• [Material provided]
-.-.-
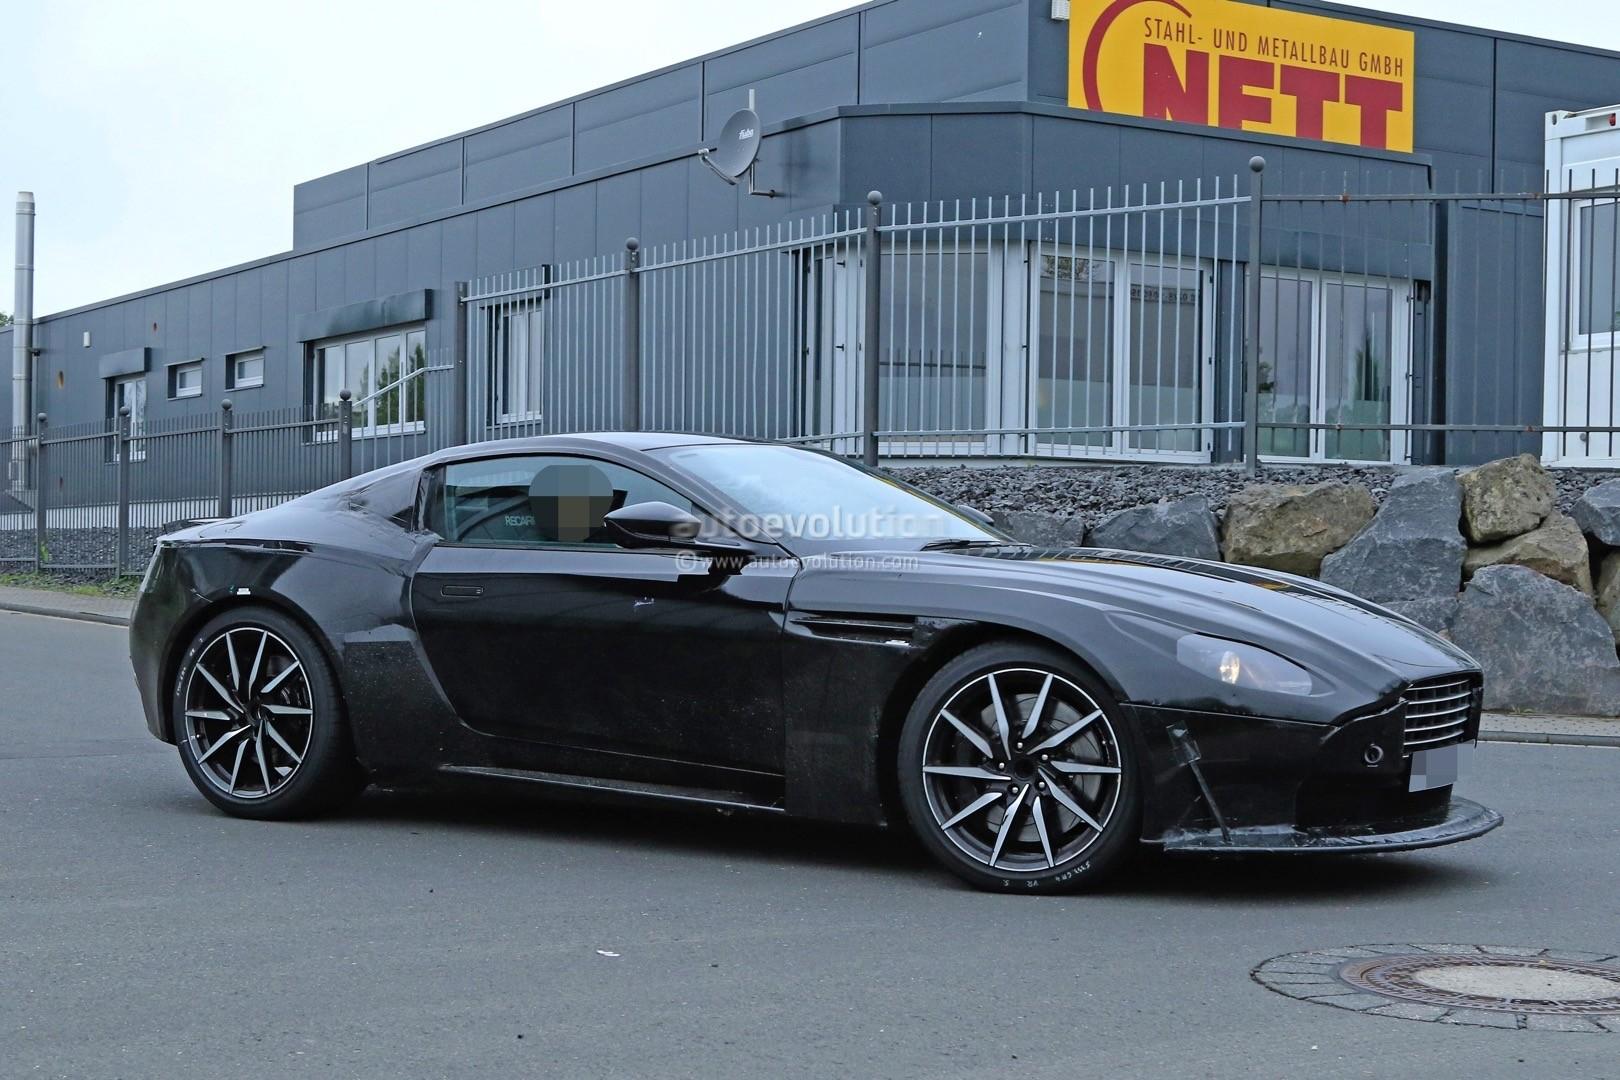 2018 Aston Martin V8 Vantage 2018 Aston Martin V8 Vantage ...
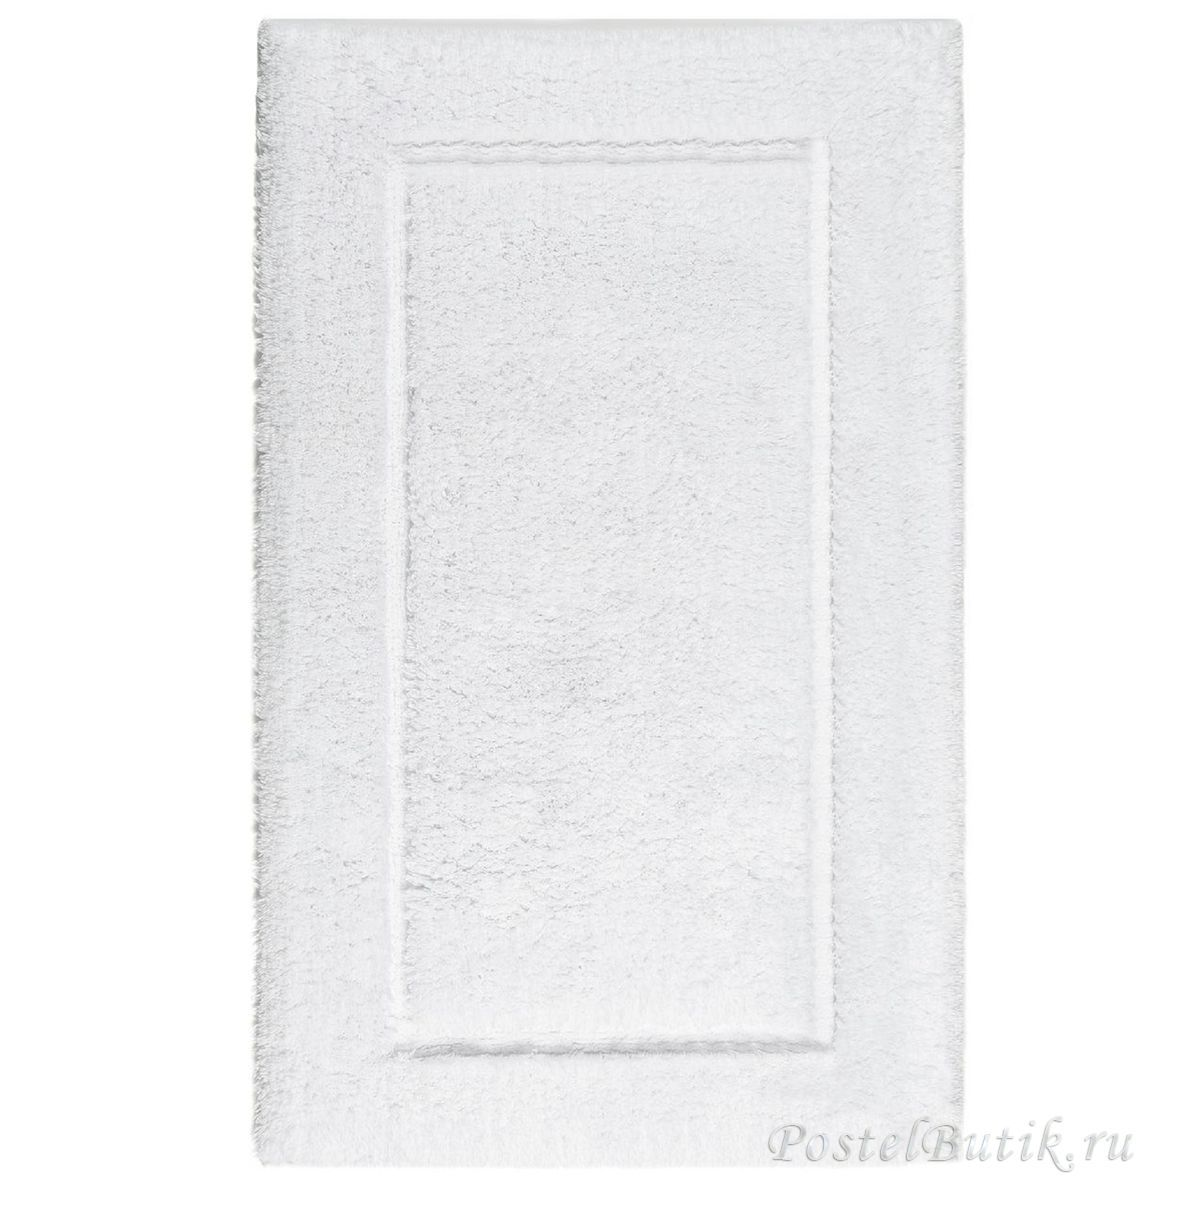 Коврики для ванной Коврик для ванной 51x81 Kassatex Classic Egyptian White elitnyy-kovrik-dlya-vannoy-classic-egyptian-white-ot-kassatex-portugaliy.jpeg
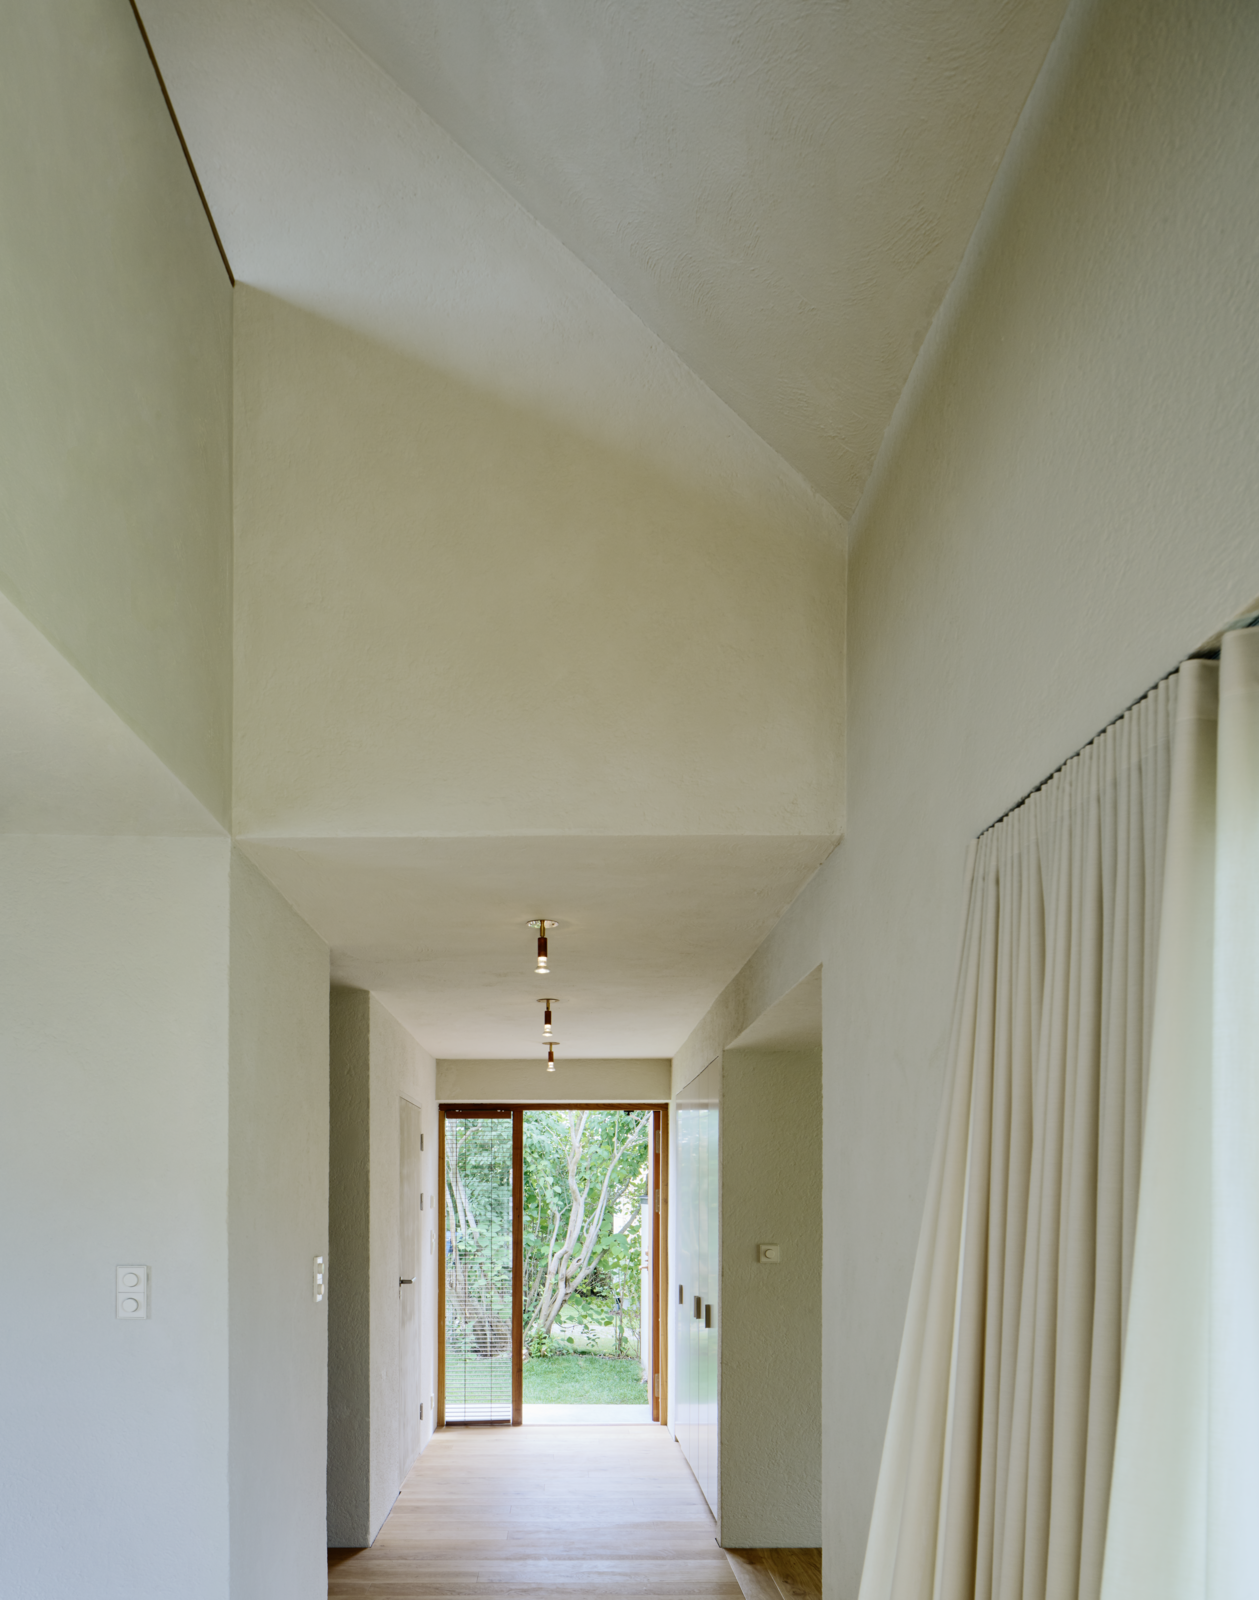 Tagged: Hallway and Medium Hardwood Floor. Sleek Scandinavian Design Permeates a Family's Summer House in an Old Fishing Village - Photo 5 of 12
-.-.-
• [What is being asked] Please retype the data exactly as it appears, but without any of its pictures.

• [Response to the exercise]
 2018 Aston Martin V8 Vantage 2018 Aston Martin V8 Vantage ...
 Коврики для ванной Коврик для ванной 51x81 Kassatex Classic Egyptian White elitnyy-kovrik-dlya-vannoy-classic-egyptian-white-ot-kassatex-portugaliy.jpeg
 Tagged: Hallway and Medium Hardwood Floor. Sleek Scandinavian Design Permeates a Family's Summer House in an Old Fishing Village - Photo 5 of 12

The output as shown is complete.